### Your instructions
Nothing but the lines below from the one that contains "Terrassen am Inkaruinen" through the one that contains "JoJo Nickelodeon Share Bow doll" should be retyped, exactly and including both ends. Do not include pictures.

### Material for the task
== == ==
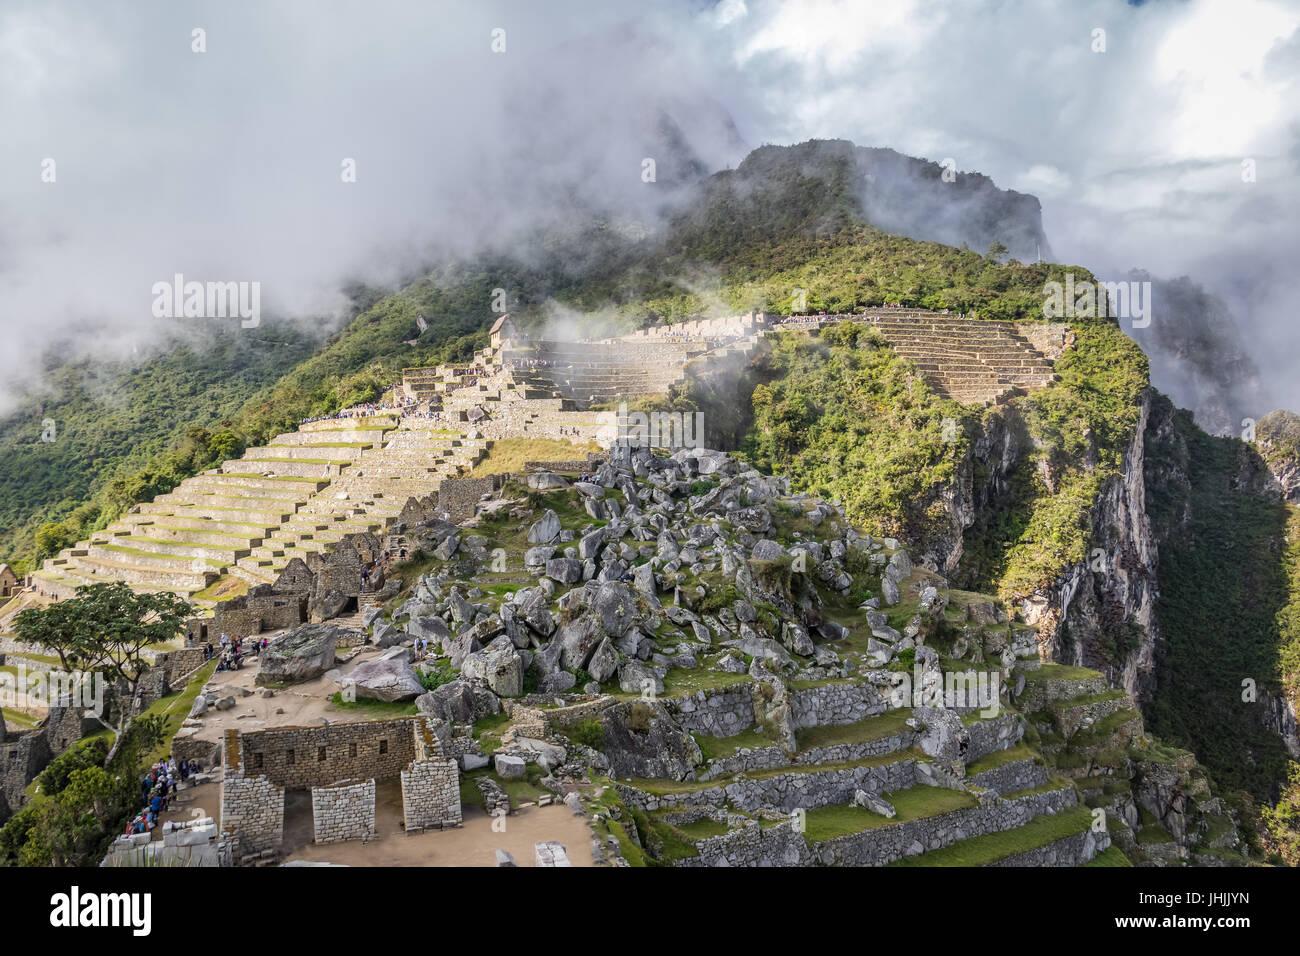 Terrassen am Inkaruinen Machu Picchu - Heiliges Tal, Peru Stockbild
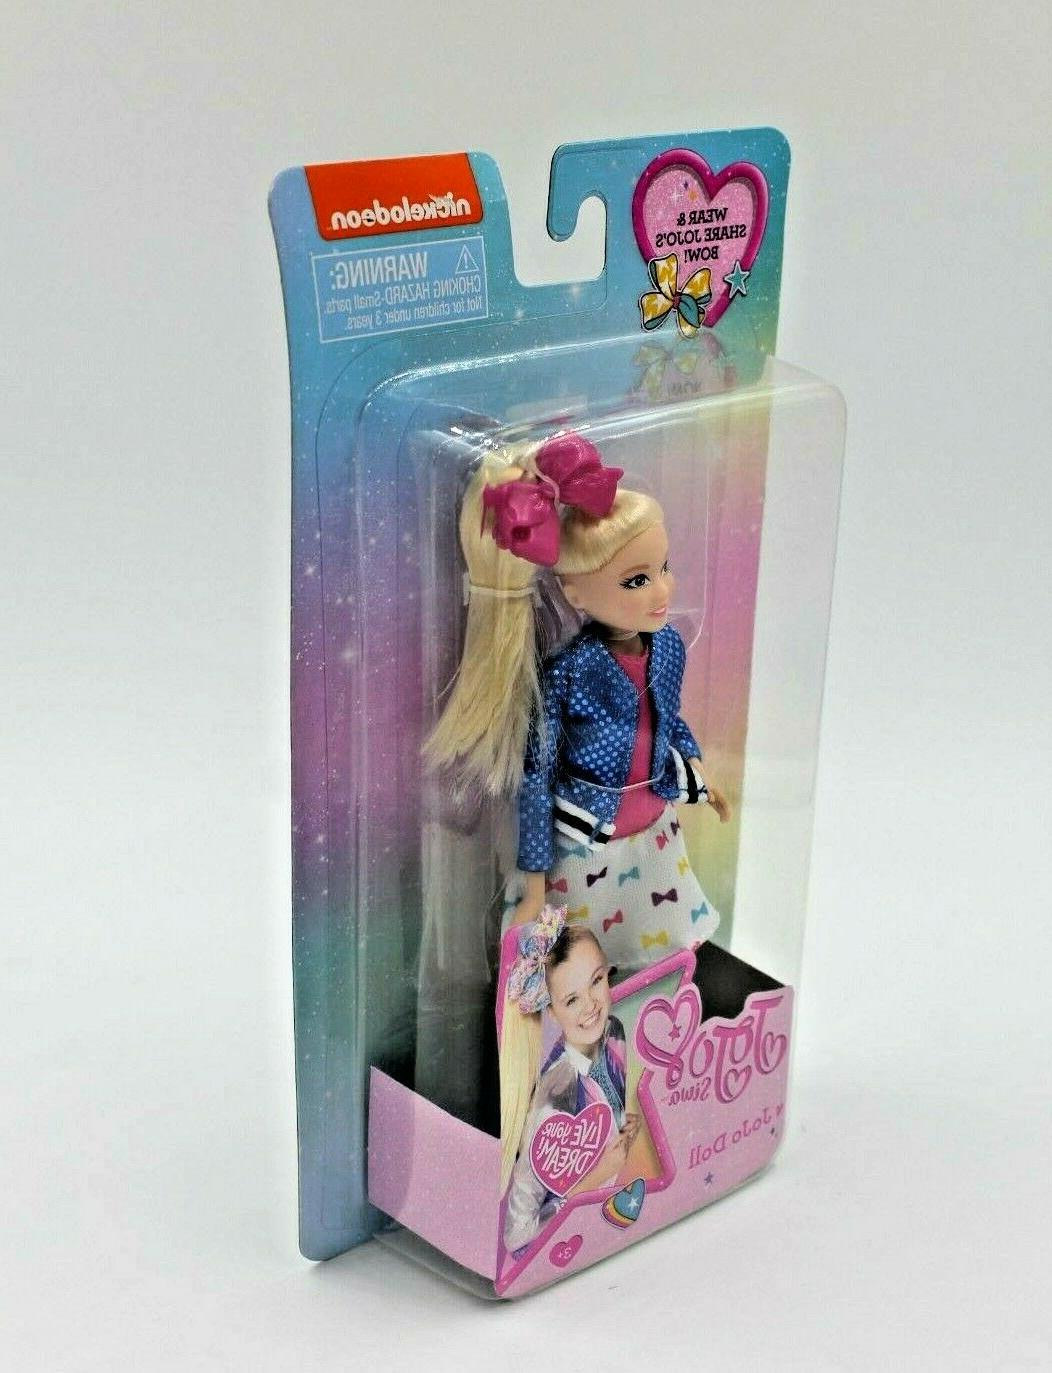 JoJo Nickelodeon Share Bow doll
== == ==
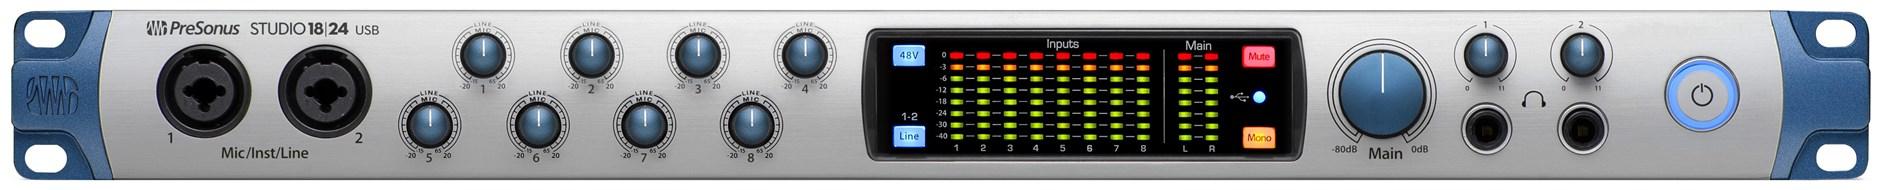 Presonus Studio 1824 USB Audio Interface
== == ==
### Task response
 Terrassen am Inkaruinen Machu Picchu - Heiliges Tal, Peru Stockbild
 JoJo Nickelodeon Share Bow doll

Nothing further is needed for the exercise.